Dublin Core, developed as a core set of semantic elements for categorizing Web-based resources for easier search and retrieval, has become popular in the museum and education communities. The schema is deliberately simple, consisting of fifteen optional, repeatable data elements, designed to coexist with, and map to, other semantically and functionally richer metadata standards. Dublin Core’s simplicity makes it an excellent medium of exchange, and thus a basis for interoperability. The metadata harvesting protocol of the Open Archives Initiative (OAI), known as OAI-PMH, which provides a mechanism for harvesting or gathering XML-formatted metadata from diverse repositories, mandates Dublin Core as its common metadata format. The Dublin Core Metadata Initiative (DCMI) is also developing administrative and collection-level metadata element sets, and user communities have developed element qualifiers relevant to their own fields, which both enrich and complicate the standard.

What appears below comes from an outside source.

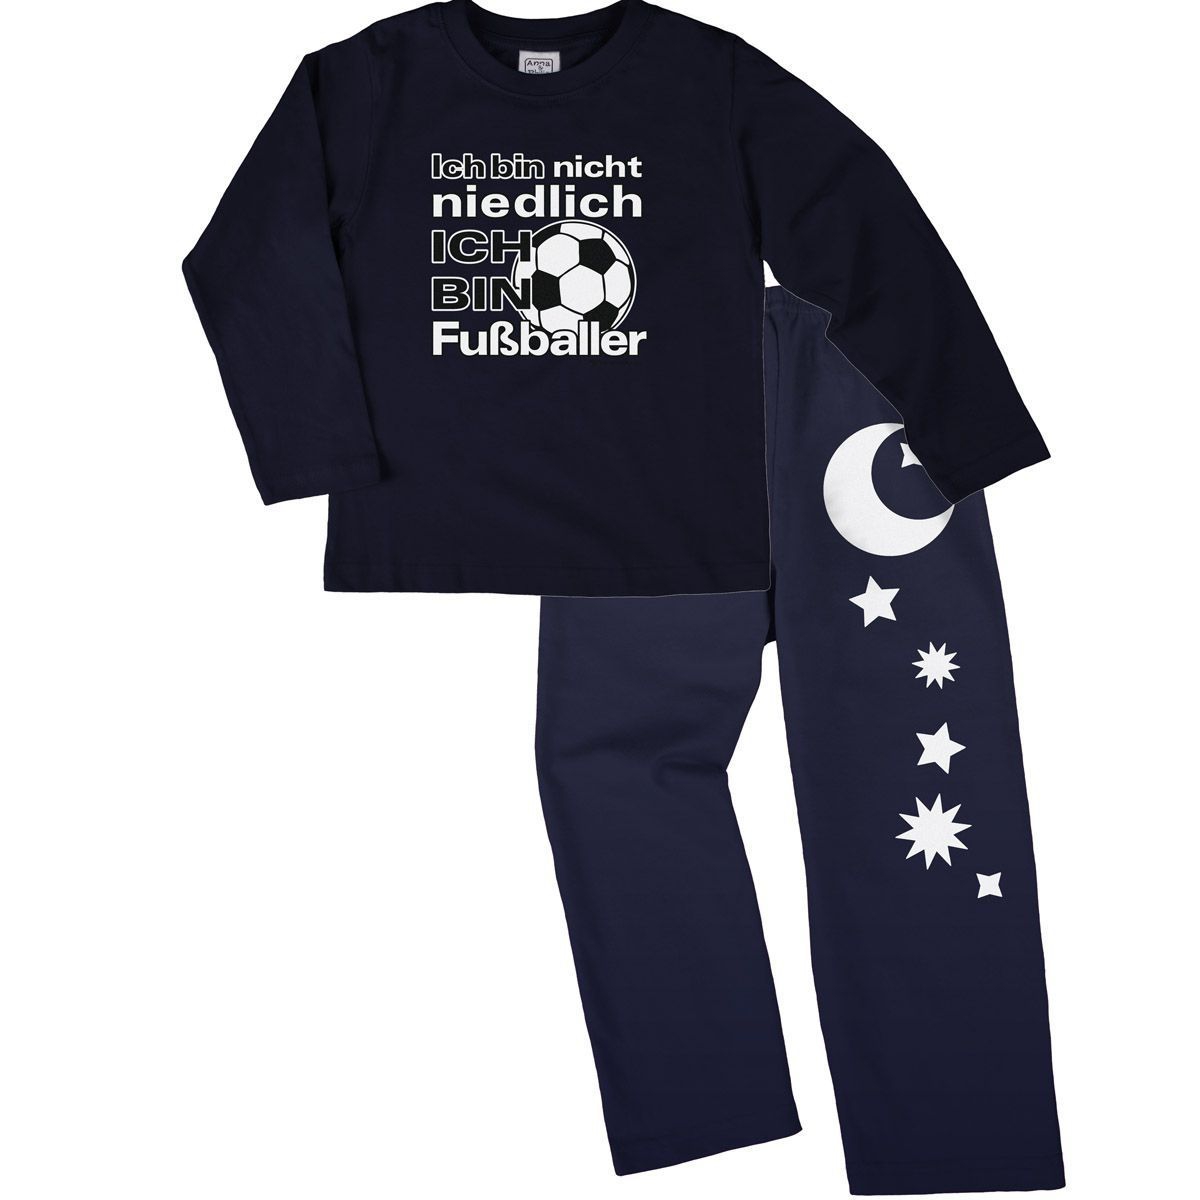 Niedlich Fußballer Pyjama Set navy / navy 110 / 116

The Research Libraries Group’s (RLG) Preservation Metadata Elements are intended to set out the minimum information needed to manage and maintain digital ?les over the long term and, unlike the schemas described above, capture technical, rather than descriptive, information. This element set may be combined with any descriptive element set to describe an image file.
MPEG-7, or Multimedia Content Description Interface, is an XML-based standard developed by the Motion Picture Experts Group (MPEG) to describe multimedia and audiovisual works and is likely to grow in importance over the next few years. It supports textual indexing (e.g., the use of controlled vocabularies for data elements such as subjects and genres) and nontextual or automatic indexing, such as shape recognition and color histogram searching. It also supports hierarchical or sequential description.
I think checksum quality control is inexpensive, easy to set-up and reasonably indicative of corrupt files, if present. Though I also think that random and prescribed periodic checks of scans is advisable.
I appreciate the need to make embedded metadata more accessible to search engine spiders so as to further improve user access. I need to look into more current thought on this.
I agree with the logical conclusion of strategies for preservation they present .. that is to capture high-quality images in standard file formats with sufficient identifying information for future viability and with LOCKSS. …also the use of open-standards and system-independent formats.
Finally, the OAIS Reference Model is of great interest to me and I tracked down this site..
http://www.oclc.org/programs/publications/reports/2009-04.pdf
which is a VERY recently published report of a survey done in oct/nov of last year about metadata creation workflows. I’m eager to see what the current thought is.